Ashwin Patkar, MD, of Duke University in Durham, N.C., who was not involved with the study, told MedPage Today that the study had a "good take-home message for physicians in terms of how they can use medications and combine them with behavioral therapy for alcohol dependence."

But Patkar, who has contributed a commentary on the study to be published in the journal when it appears in print, also cautioned that clinicians in ordinary practice may not experience the same level of results reported in the study. The researchers excluded many patients with common comorbidities that might reduce the effectiveness of treatment, he noted.

He also pointed to the relatively high adherence to treatment in the study -- 87% for medications across the entire sample, and 59% for the weekly therapy sessions -- indicating it was both a strength and a limitation of the study.

Patkar said treatment compliance in ordinary practice is not usually that good. It's typically higher in clinical trials because of the supervision and encouragement that participants receive. But he added that it's not impossible for clinicians to fill that role or enlist others to help.

"They can encourage that kind of supervision and adherence in their patients and get good outcomes," he said.

In treating his own patients, Patkar said, "I make sure there is a member of the family who is involved with the care, and who actually becomes almost a part of the treatment team -- supervising medications, supervising visits, and reporting to us what is going on."

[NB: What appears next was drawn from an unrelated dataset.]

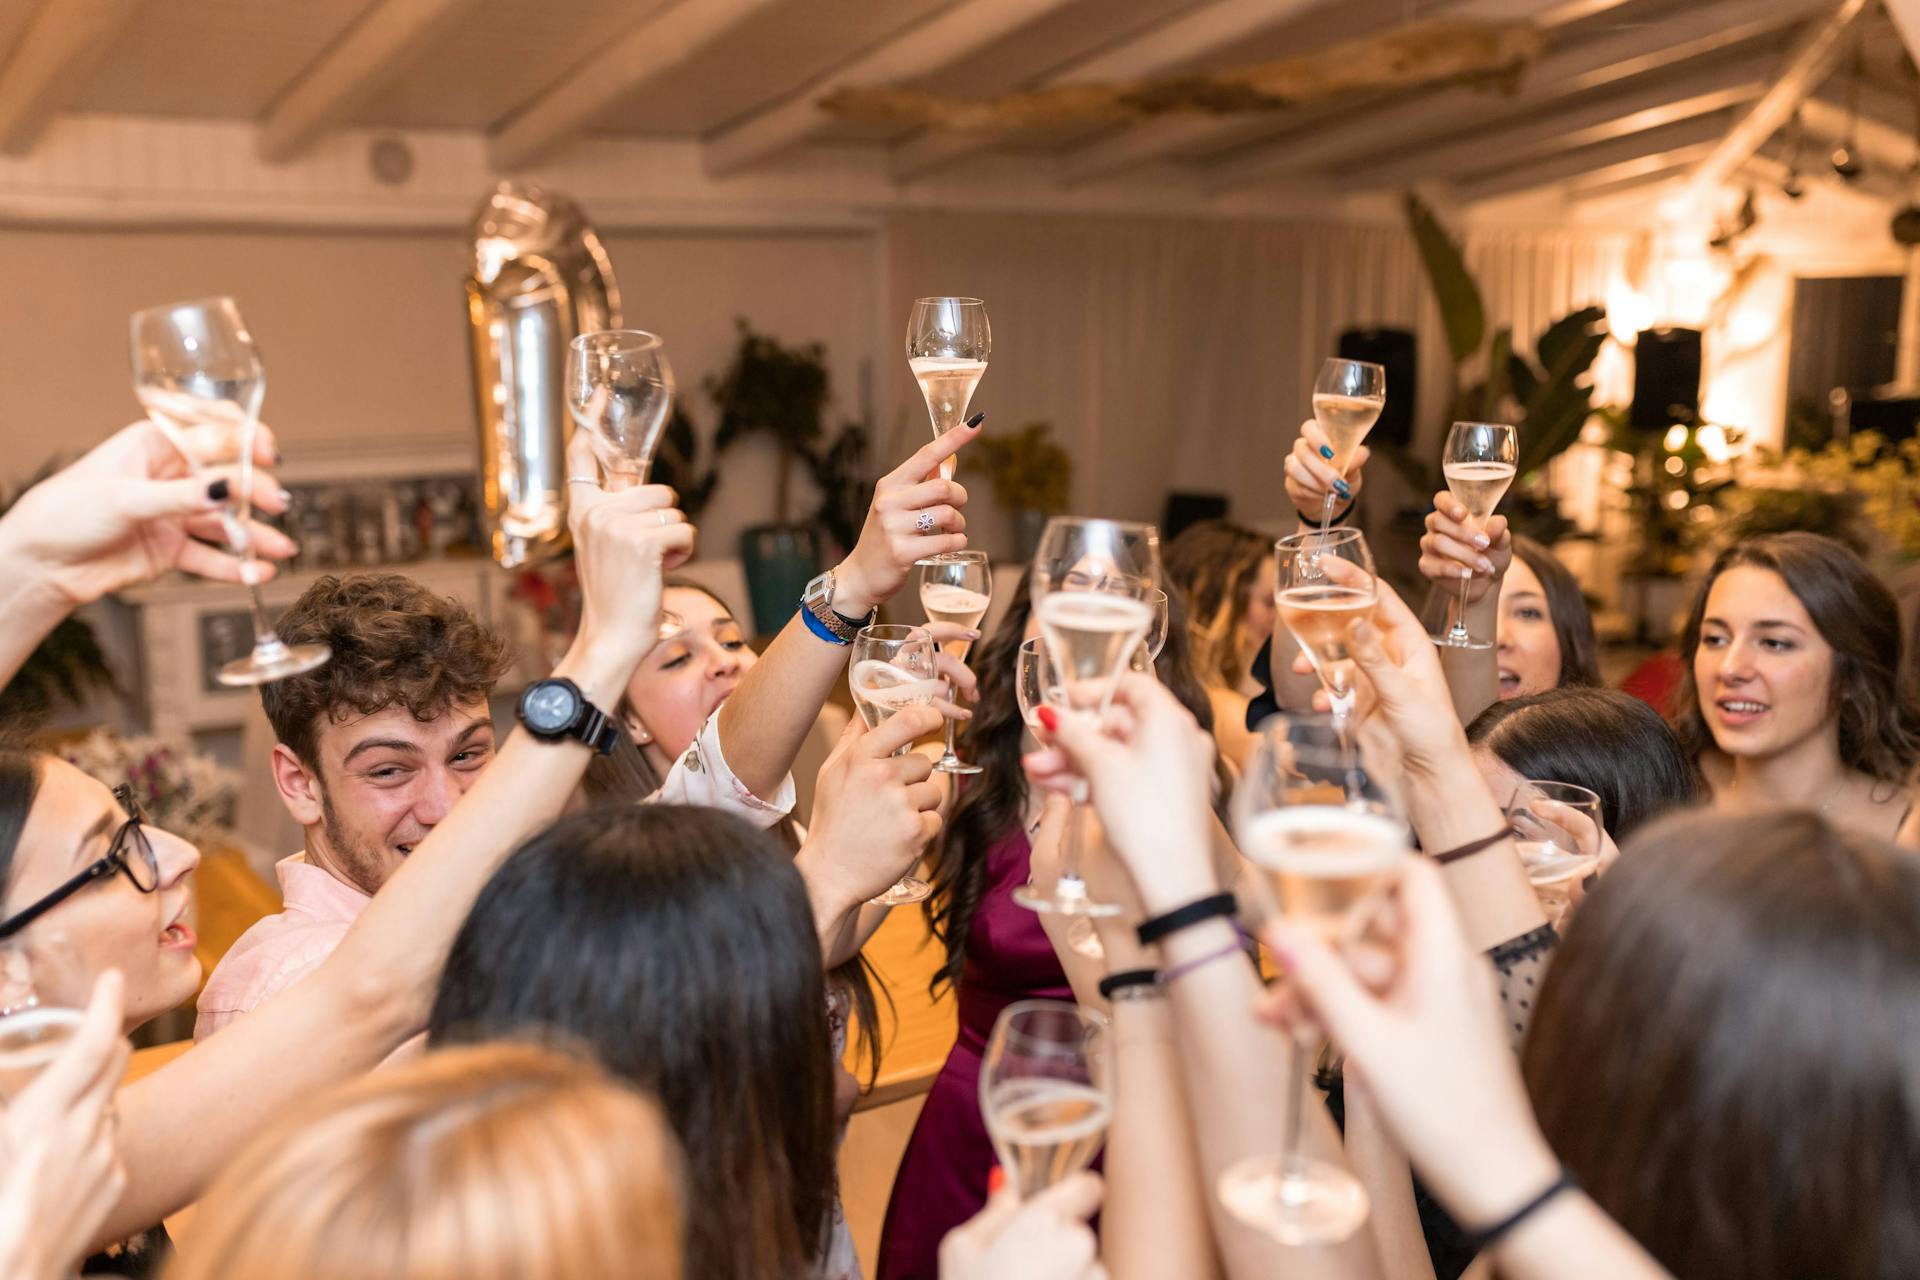 Young men and women raising their glasses of drink in a restaurant | Source: Pexels

The study was supported by the National Institute on Alcohol Abuse and Alcoholism and Pfizer, which supplied sertraline and matching placebo.

Study authors reported relationships with Alkermes, Eli Lilly, Merck, GlaxoSmithKline, Lundbeck, Abbott, and Ernbera Neurotherapeutics.

Patkar has had relationships with AstraZeneca, Bristol-Myers Squibb, Forest, GlaxoSmithKline, Janssen, McNeil Consumer and Specialty, Organon, Orphan Medical, Titan, Pfizer, Reckitt Benckiser, Cephalon, Jazz, and Lundbeck.

Primary source: American Journal of Psychiatry
Source reference:
Pettinati H, et al "A Double-Blind, Placebo-Controlled Trial Combining Sertraline and Naltrexone for Treating Co-Occurring Depression and Alcohol Dependence" Am J Psychiatry 2010; DOI: 10.1176/appi.ajp.2009.08060852.